Starting last fall, I said he would be the most likely winner. I continued saying that through the early primaries and caucuses. In fact, he seemed on track to win up until his disappointing Super Tuesday March 1, and even in the days after that I thought he was in fairly good shape — that is, right up until his support collapsed the weekend after Super Tuesday.

Since I have been dead wrong about Rubio, I can’t turn around immediately and tell you why he lost. It’s something all of us who study presidential nominations are going to need to study, and it’s going to take some time, especially for those who believe that strong parties made up of formal organizations and informal networks control their presidential nominations.

Is this year a fluke? A sign that the system has changed? Frankly, I don’t know right now.

But I can run through some reasonable explanations of what happened with Rubio.


The party chose a fatally flawed candidate.

Some commentators have floated variations of this explanation. One is that Rubio wasn’t appealing to Republican voters. But for most of the contest, his favourability scores among Republicans were excellent. Even when he lagged in the horse-race polls, he usually did well when pollsters probed beyond the top vote choice among Republicans.

I’m also skeptical of blaming his position on immigration or his hawkish foreign policy. Both John McCain and Mitt Romney won Republican nominations with problems that were more severe.

A more plausible explanation of Rubio’s weakness is that he choked under pressure. His poor debate before the New Hampshire primary, when he repeated a line multiple times, and his debate after Super Tuesday, when he got down in the mud with Donald Trump, both appear to have been disasters.

The party is broken.

Though parties normally choose their nominees, this Republican Party isn’t normal — it’s dysfunctional. Political scientist Norman Ornstein has pushed this line since August, and he could be correct.

Republicans’ attacks on experts, the media and even the “establishment” of their own party made it more difficult than it should have been to explain why Trump was such a pariah.

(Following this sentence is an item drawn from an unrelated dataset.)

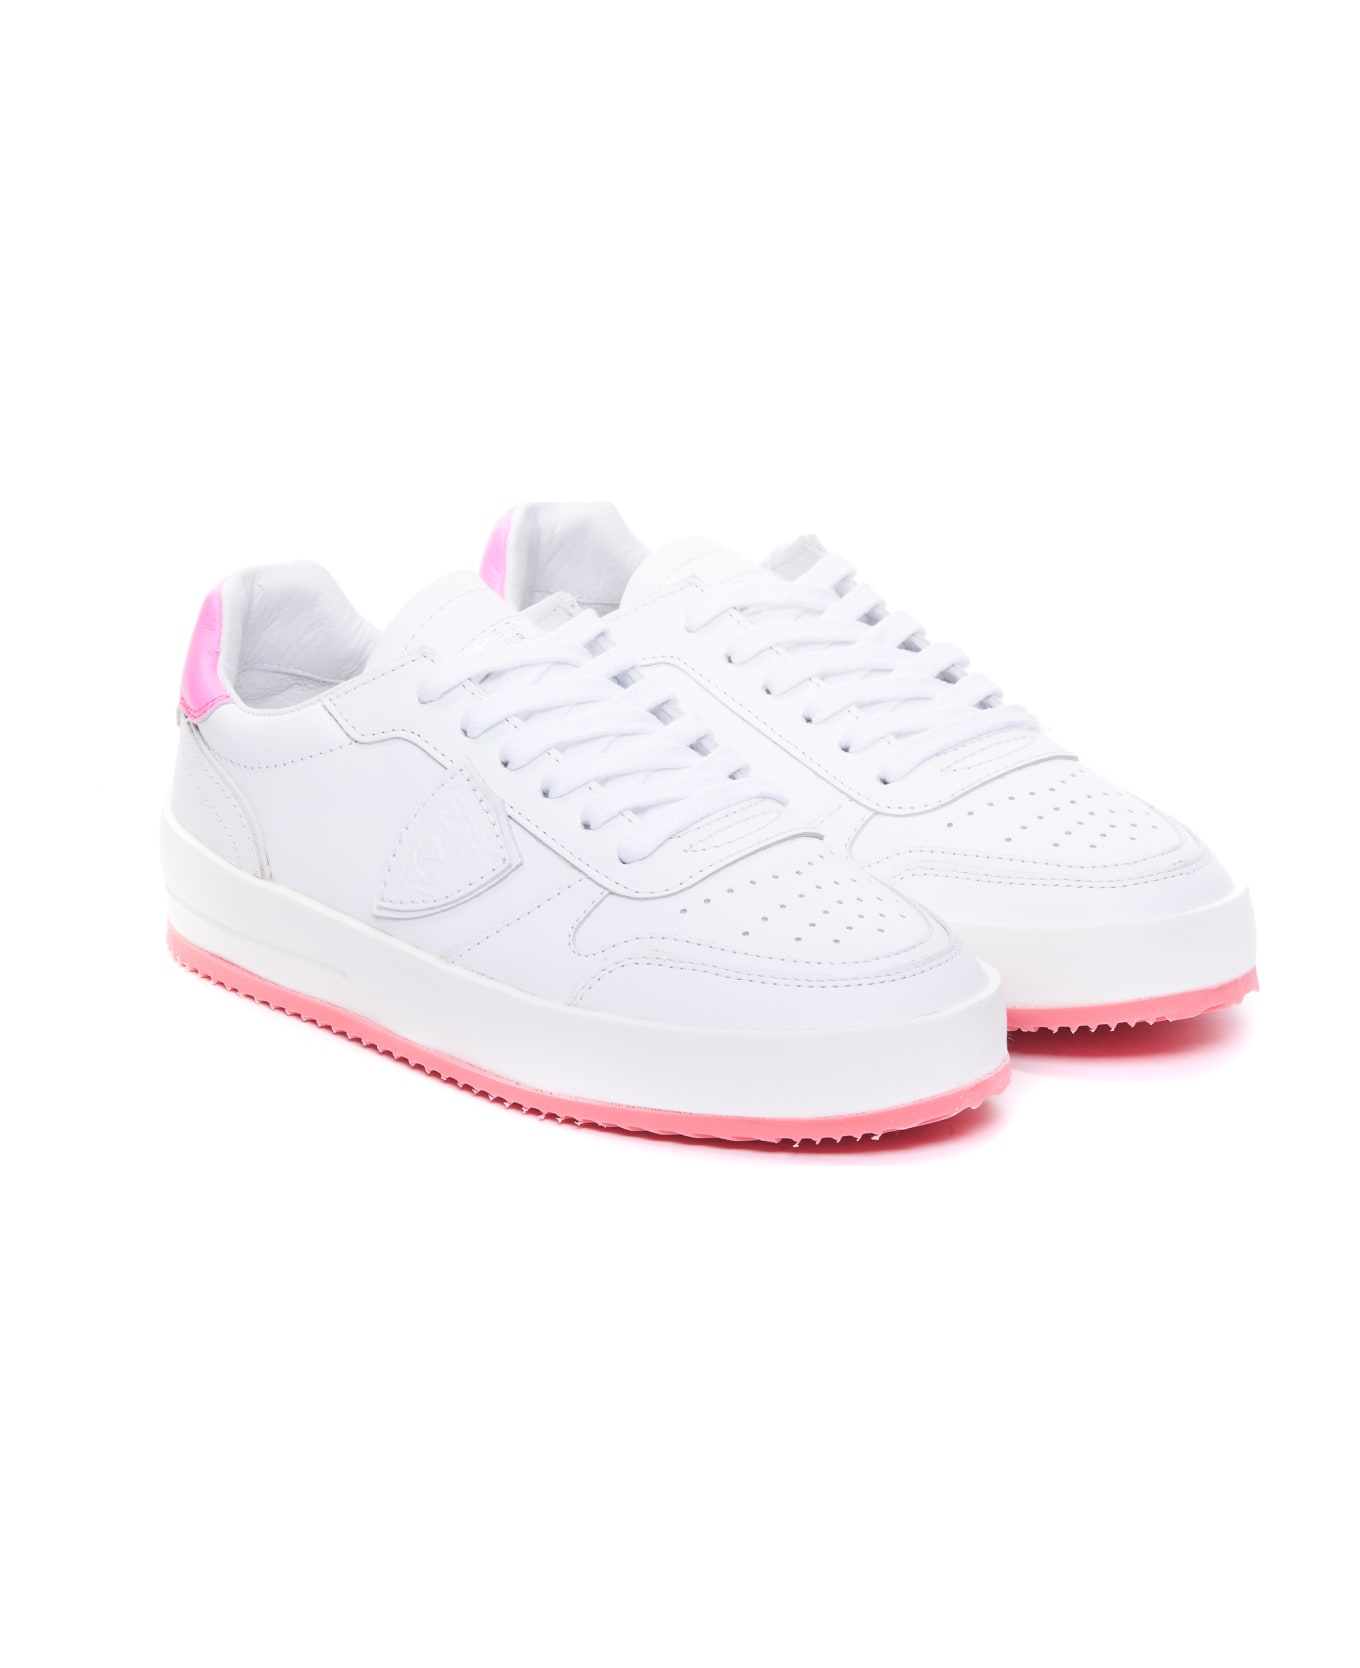 Philippe Model Nice Low Sneakers - Veau Neon Blanc Fucsia

But it was about more than Trump. Party actors took a long time to decide on Rubio, and even then their choice wasn’t close to a consensus. Some of them permitted Jeb Bush to stay in through South Carolina, and he spent that Bush faction’s considerable resources targeting Rubio. Another substantial faction supported Ted Cruz, even though many Washington Republicans dislike him so much that they were willing to play footsie with Trump back in January. And John Kasich has had a fair amount of party support as well, which perhaps is why he has been able to fight on.

Trump.

No theory could have accounted for him. (People have used the analogy of the Mule in Isaac Asimov’s Foundation books, a mutant whose inhuman abilities disrupted the normal development of politics in the universe.)

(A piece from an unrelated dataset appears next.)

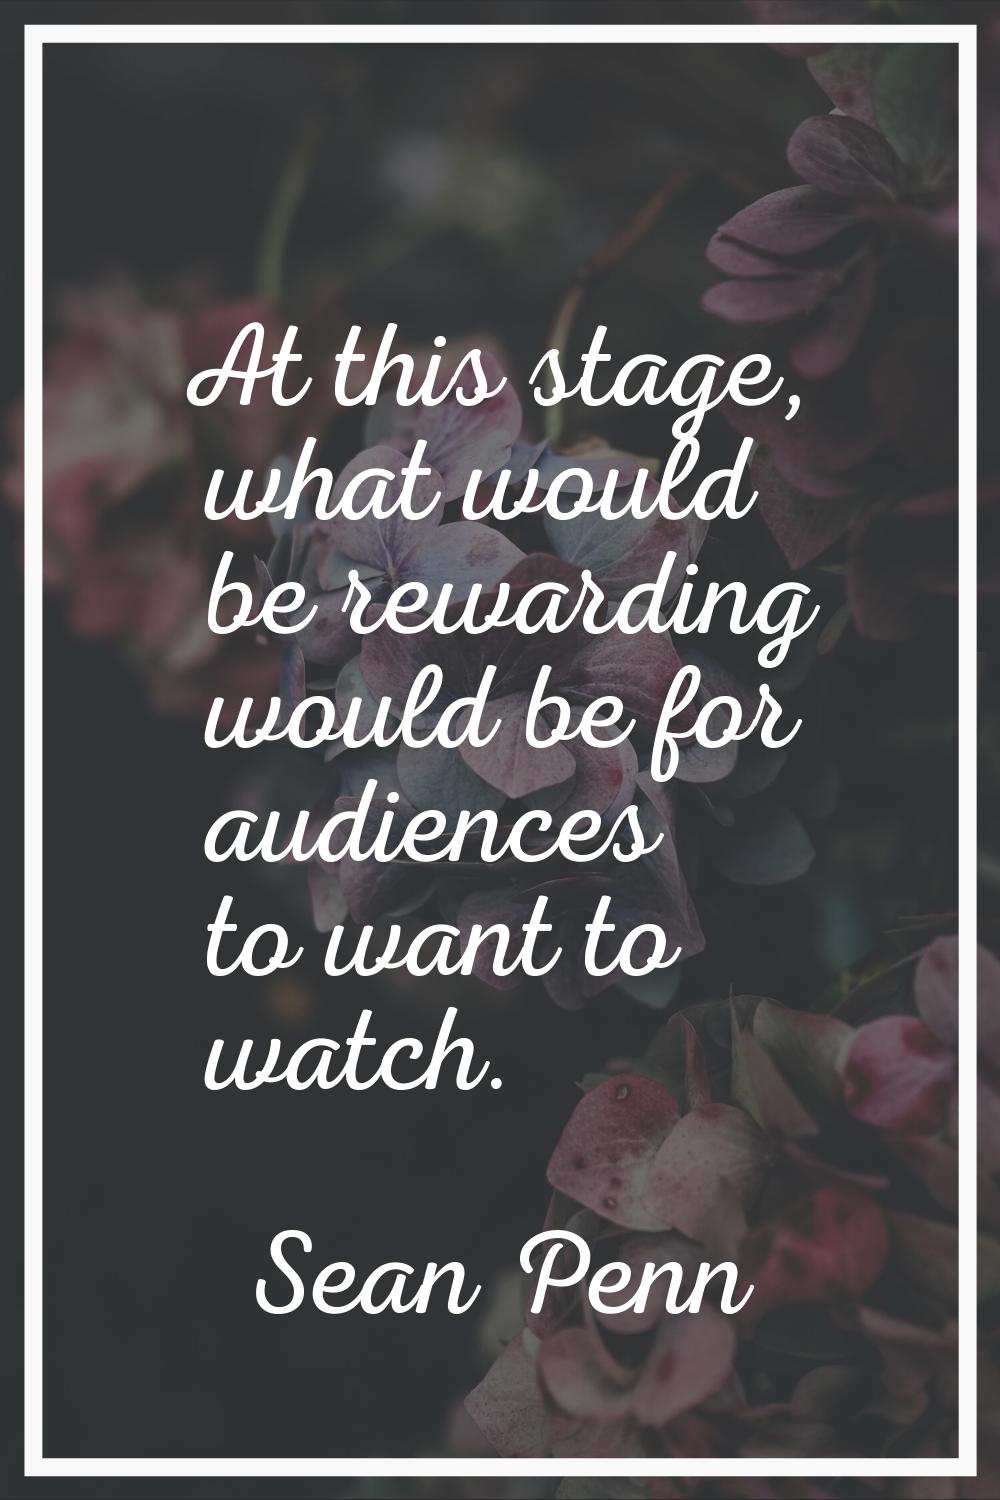 At this stage, what would be rewarding would be for audiences to want to watch.

But I’m skeptical of this explanation, too. Trump is good at grabbing the new media’s attention, but it’s hard to see much evidence that he’s unusually talented in any other way. Still, if the party’s power flows from its ability to capture voters’ attention, it fizzled when the news coverage of Trump overwhelmed other sources of information.

None of the above explanations are mutually exclusive. Perhaps they all played a role.

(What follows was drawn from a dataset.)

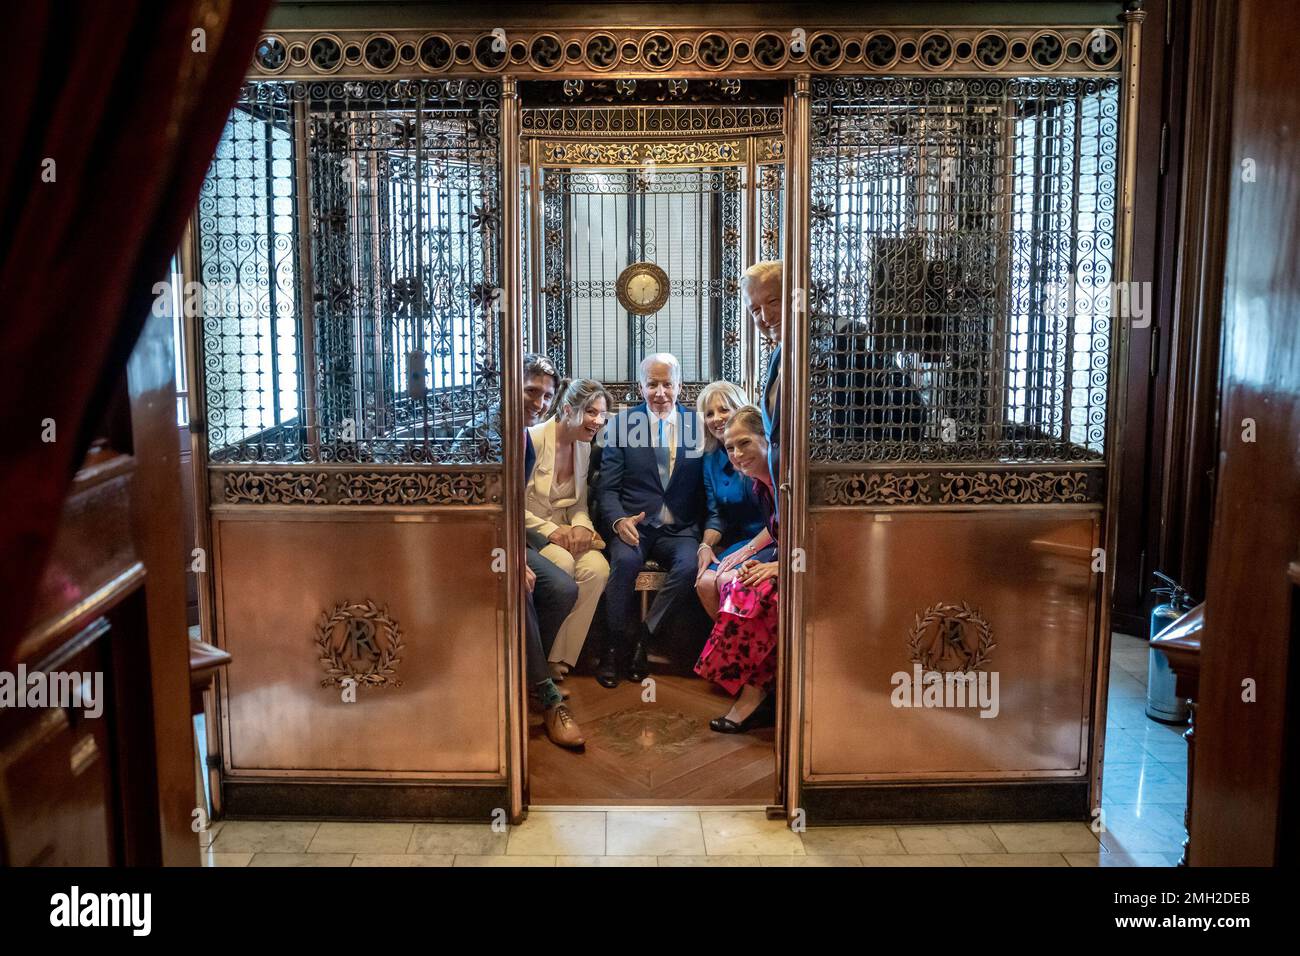 President Joe Biden, First Lady Jill Biden, Mexican President Andres Manuel Lopez Obrador, his wife Dr. Beatriz Gutiérrez Müller, Canadian Prime Minister Justin Trudeau and his wife Sophie Gregoire Trudeau pose for a photo in the elevator at the National Palace, Tuesday, January 10, 2023, in Mexico City. (Official White House Photo by Adam Schultz) Stock Photo

Rubio finished just one per cent of the vote behind Trump in Iowa. If Republican Party actors had converged on him a few weeks earlier — or if Bush’s super PAC had targeted Trump or Cruz with some of the ads aimed at Rubio, the Florida senator could easily have finished second or even won the state, perhaps knocking out Cruz. If he hadn’t botched the New Hampshire debate, he probably would have finished second there, knocking out Kasich (probably) and Bush (perhaps) earlier and setting up a better finish in South Carolina.

If Kasich had dropped out after South Carolina and Nevada, Rubio might have won Virginia on Super Tuesday and picked up a lot more delegates in other states that day. If only three candidates remained when Rubio began attacking Trump, Rubio’s supporters might have stuck with him. And if Rubio had performed better while attacking Trump, it’s possible that none of the rest would have mattered.

Every candidate has “ifs” they can look back on. Rubio, however, may not have needed all of these things to break this way — maybe only a few. Maybe only one.

The take-away here is that Rubio’s loss is inconsistent with the theory that parties control nominations and that Trump’s success is inconsistent with views the scholars of political parties have had about the presidential selection process.

When more evidence emerges, we can adjust our theories or, sometimes, toss them out entirely and search for new ones.

For everyone else, the campaign goes on, with three unexpected candidates remaining.